カイとヴェルナーが向かい合って座る。俺は後ろに立って見守ることにした。めんどいが、ここで昼寝するわけにもいかない。
「俺たちはこの町を自分たちの手で作った。旧大陸の助けは一切借りていない。税を払う筋合いはないはずだ」
カイが切り出した。声に力がある。正しいことを言っている自信がある。
「お気持ちは理解します」
ヴェルナーが答えた。表情は変わらない。
「しかし、旧大陸の法では、新大陸における定住活動は総督府の管轄下に置かれます。これは法的事実です。規則ですので」
「規則って──俺たちが知らないうちに勝手に決められたやつだろ!」
カイの声が大きくなった。当然の怒りだ。知りもしない法律を持ち出されて、従えと言われている。
「知らなかったことは、免責にはなりません」
ヴェルナーの声には一切の感情がなかった。まるで書面を読み上げているようだ。
カイが拳を握った。
「じゃあ聞くが、旧大陸はこの町に何をしてくれた? 道を作ったのは俺たちだ。建物を建てたのも、畑を耕したのも全部俺たちだ。何もしてない連中が、税だけ取りに来るのか?」
「総督府は秩序を提供します。法と治安の保障。それが税の対価です」
「秩序なら、俺たちは自分たちで守ってる!」
「自治には限界があります。規模が大きくなれば、なおさら」
噛み合わない。
カイの言葉は正しい。だがヴェルナーは正しさではなく、法という枠組みで動いている。土俵が違う。
俺はカイの肩に軽く手を置いた。
「カイ。今の交渉は噛み合ってない」
小声で言った。カイが振り返る。
「わかってる。でも──」
「あいつは感情で動かないやつだ。正しいかどうかじゃなくて、法がどうかだけで話してる。
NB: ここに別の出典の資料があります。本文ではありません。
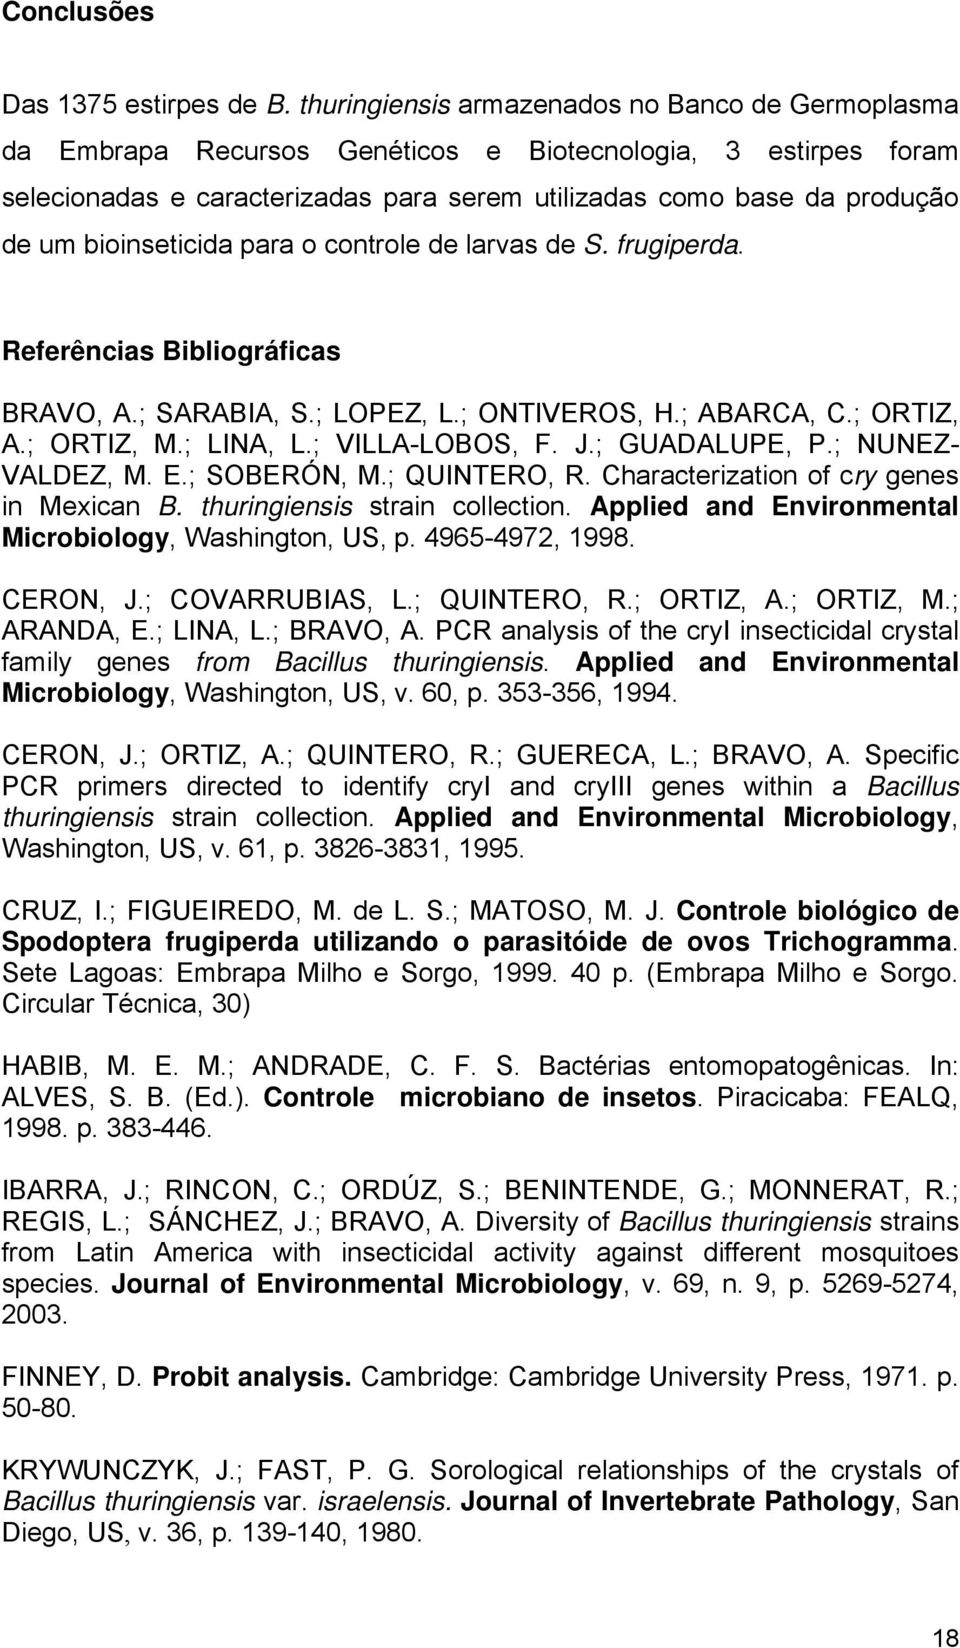 bioinseticida para o controle de larvas de S. frugiperda. Referências Bibliográficas BRAVO, A.; SARABIA, S.; LOPEZ, L.; ONTIVEROS, H.; ABARCA, C.; ORTIZ, A.; ORTIZ, M.; LINA, L.; VILLA-LOBOS, F. J.

こっちも別の切り口がいる」
カイが唇を噛んだ。
だが、数秒の沈黙の後、ふっと肩の力を抜いた。
「……わかった。今は引く。でも、次は別の手で来る」
頷いて、席を立つ。背中は真っ直ぐだった。
空回りしても折れないまま引ける。俺にはできない芸当だ。
***
カイが席を立った後、俺はヴェルナーの前に残った。
別に話す気はなかったが、なんとなく足が動かなかった。
「あんたさ」
ヴェルナーが顔を上げた。
「俺たちから税を取って、何がしたいんだ。俺はただ楽がしたいだけなんだけど」
「楽……ですか」
ヴェルナーの眉が僅かに動いた。
「私には理解できません。秩序は義務の上に成り立つものです。義務を果たさず楽を望むのは、怠惰と言います」
「怠惰で悪いか。俺は前世で──」
言いかけて、止めた。前世の話をしても通じるわけがない。
「……まあいい。で、あんたは義務を果たしてれば楽しいのか」
ヴェルナーは答えなかった。
代わりに、広場の噴水を見た。マナ循環式の噴水。水が絶えず流れ、光を弾いている。
「……この噴水は、誰が設計したのです」
「俺。水汲みがめんどくさかったから作った」
「面倒だから……」
ヴェルナーの目に、何かが過ぎった。ほんの一瞬だけだ。
「検討の余地はあります。ただし、規則は規則です」
ヴェルナーが立ち上がり、背を向けた。
軍靴の音が遠ざかっていく。
……完全な拒否じゃなかった。
「検討の余地」。あの堅物がそんな言葉を使った。
めんどい。本当にめんどい。
昼寝の時間を返してほしい。こいつが来てから、ゆっくり休めた日がない。
だが、ただ追い返せる相手でもない。こいつは兵百人を連れてきた男だ。
カイが戻ってきた。
「ユウト、どうだった」
「さあな。ただ、完全に扉を閉めたわけじゃなさそうだ」
「そうか。……俺の交渉は空回りだったな」
「お前は間違ってない。ただ、相手の言語が違っただけだ」
カイが少し笑った。悔しそうだが、前を向いている顔だった。
その夜、俺は窓の外を見た。
ヴェルナーが一人で広場を歩いていた。
噴水の前で立ち止まり、水面をじっと見つめている。
懐から、あの金属の板を取り出して──握りしめた。